O assombrado: Sérgio Gonçalves
Não gabo a sorte do novo presidente do PS. Sérgio Gonçalves recebe um partido profundamente abalado por duas derrotas consecutivas, a primeira, a nível regional, contra Miguel Albuquerque e a segunda, no Funchal, frente a Pedro Calado. Se isso não bastasse, o novel líder socialista herdou, ainda, a oposição interna à anterior liderança e, em vez de a integrar, afastou-a ainda mais. O congresso socialista ainda não tinha terminado e já Sérgio Gonçalves tinha cometido o seu primeiro erro como presidente, como Bernardo Trindade viria a apontar. Se juntarmos a este cenário partidário, a curtíssima militância do novo presidente e a consequente pouca identificação do eleitorado socialista com o seu principal dirigente, percebemos melhor a dimensão da tarefa de Sérgio Gonçalves.
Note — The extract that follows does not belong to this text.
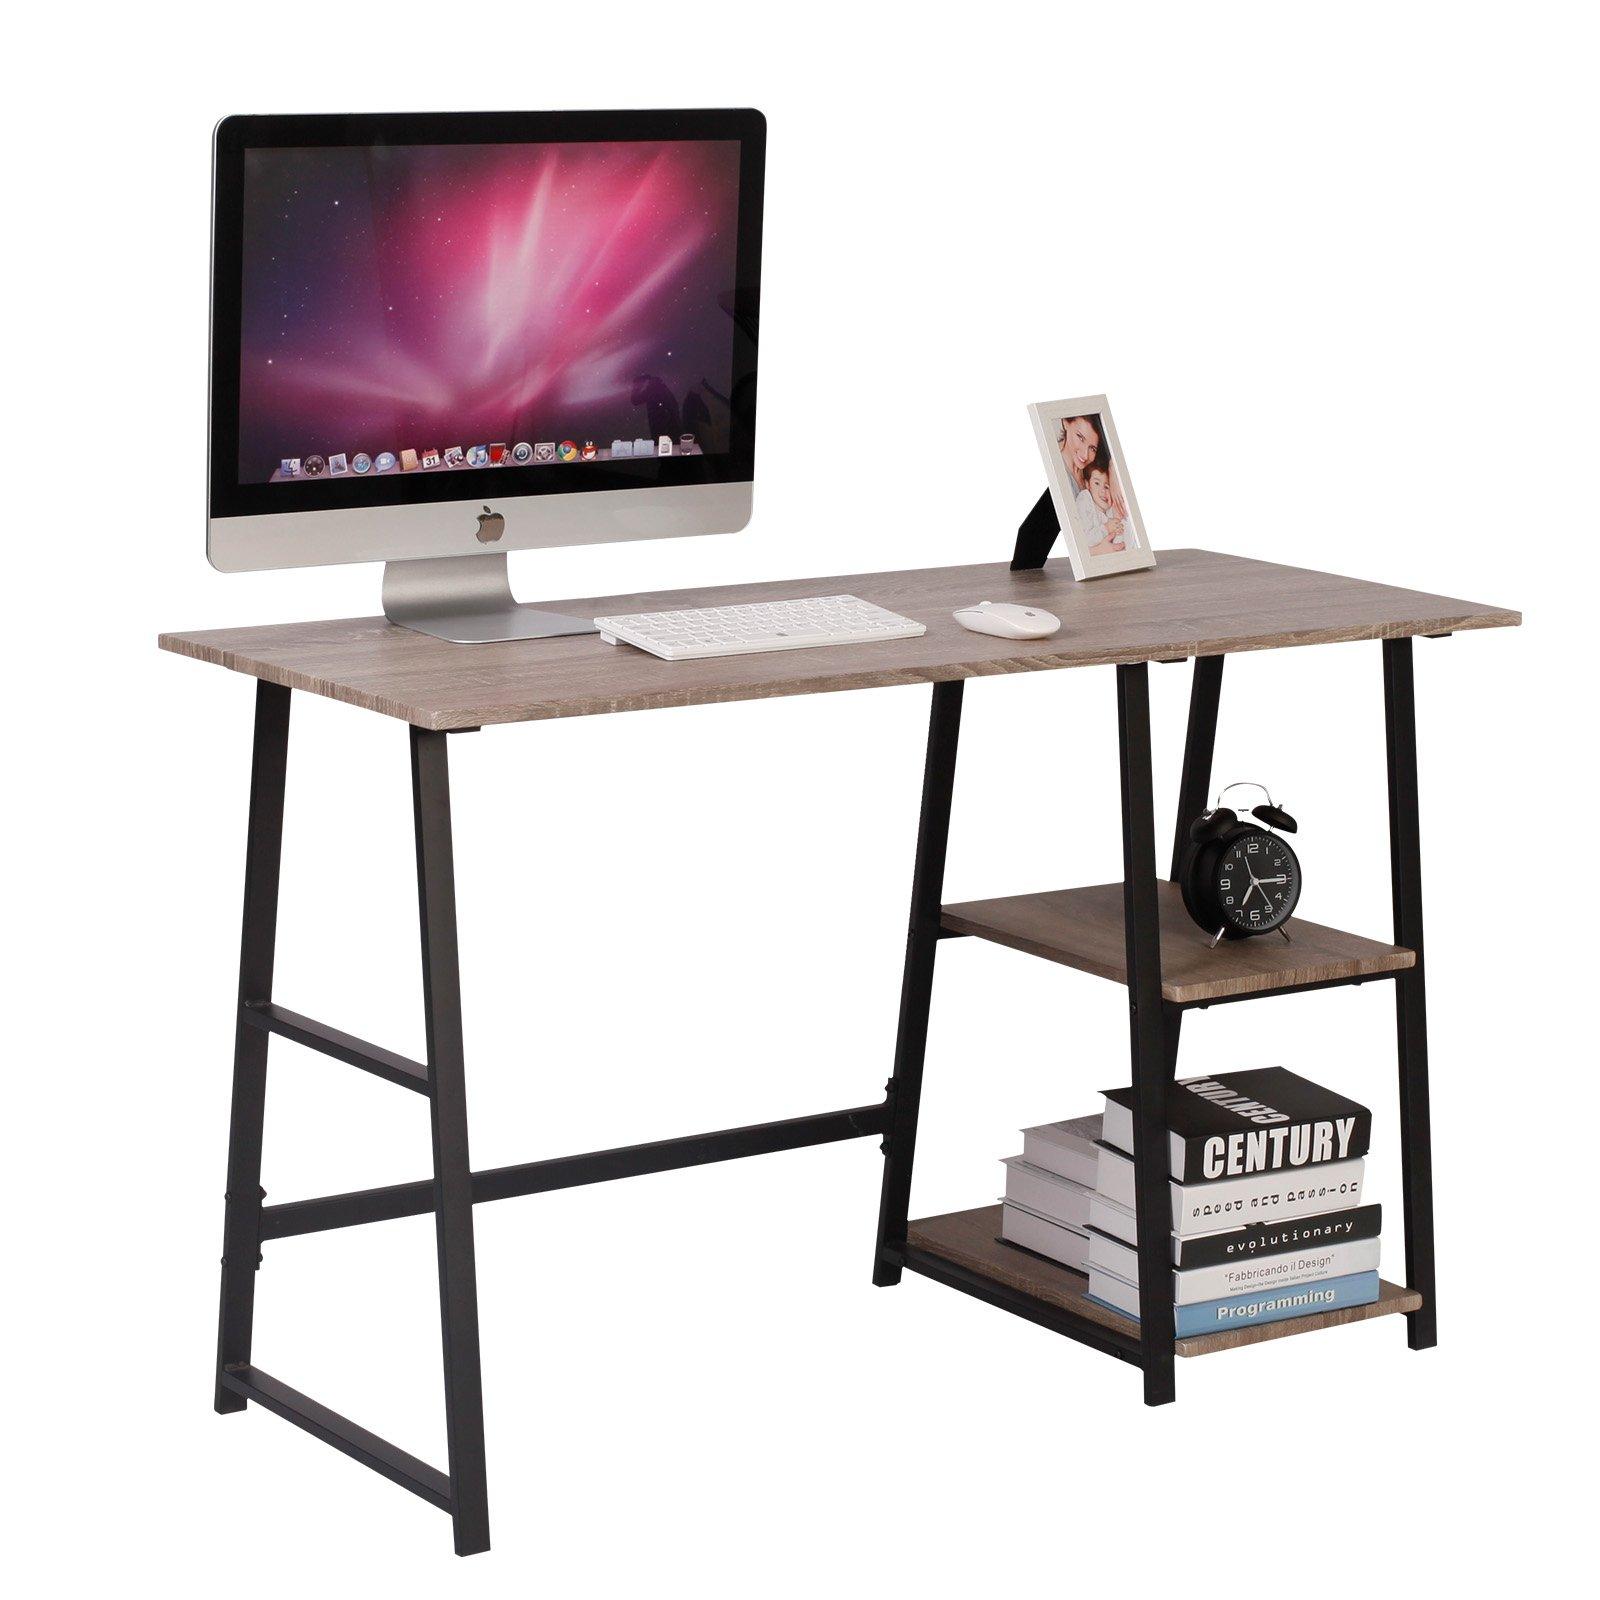 WOLTU® TSG25gr Bureau d'ordinateur avec 2 étagères,Table de Bureau Table de Travail en Bois et Acier, 120x50x73cm (LxPxH) product image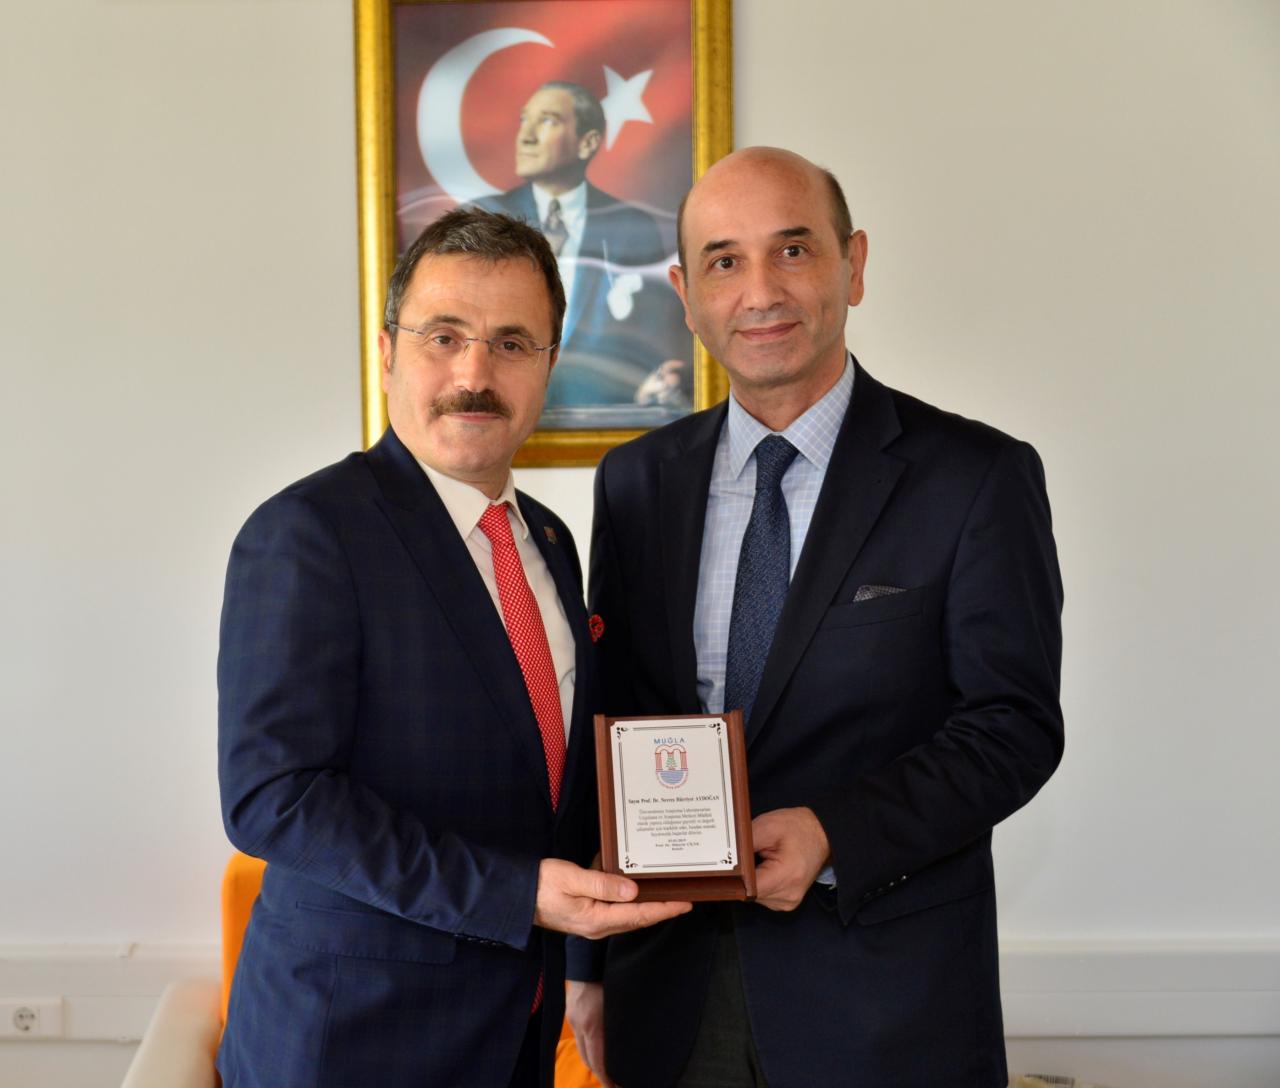 ALM Müdürlüğü Görevine Prof. Dr. Selçuk Aktürk Atandı

Apesar das dificuldades que terá pela frente, o recém-eleito presidente do PS não deve merecer menosprezo político. Tem um perfil mais jovem e liberal que o seu antecessor, o que lhe pode permitir alcançar um eleitorado normalmente hostil ao PS. Aliás, das intervenções de Sérgio Gonçalves sobressai um discurso estruturado sobre política económica e fiscalidade. Esse será, porventura, o seu ponto mais forte. O que o atrapalha é a realidade. A partidária e a política. Primeiro, porque não é certo que o seu partido e o seu eleitorado habitual se identifiquem com a nova mensagem do líder. Segundo, porque a primeira missão de uma nova liderança é distinguir-se da anterior, sob pena de viver assombrado pelo passado. Nesse esforço de diferenciação em relação a Paulo Cafôfo, Sérgio Gonçalves tem o seu maior desafio político. Especialmente pelos lugares de destaque, no partido e no Governo da República, que Cafôfo continua a ocupar. Das duas, uma: ou Sérgio Gonçalves se liberta de Paulo Cafôfo ou o PS vai libertar-se do novo presidente.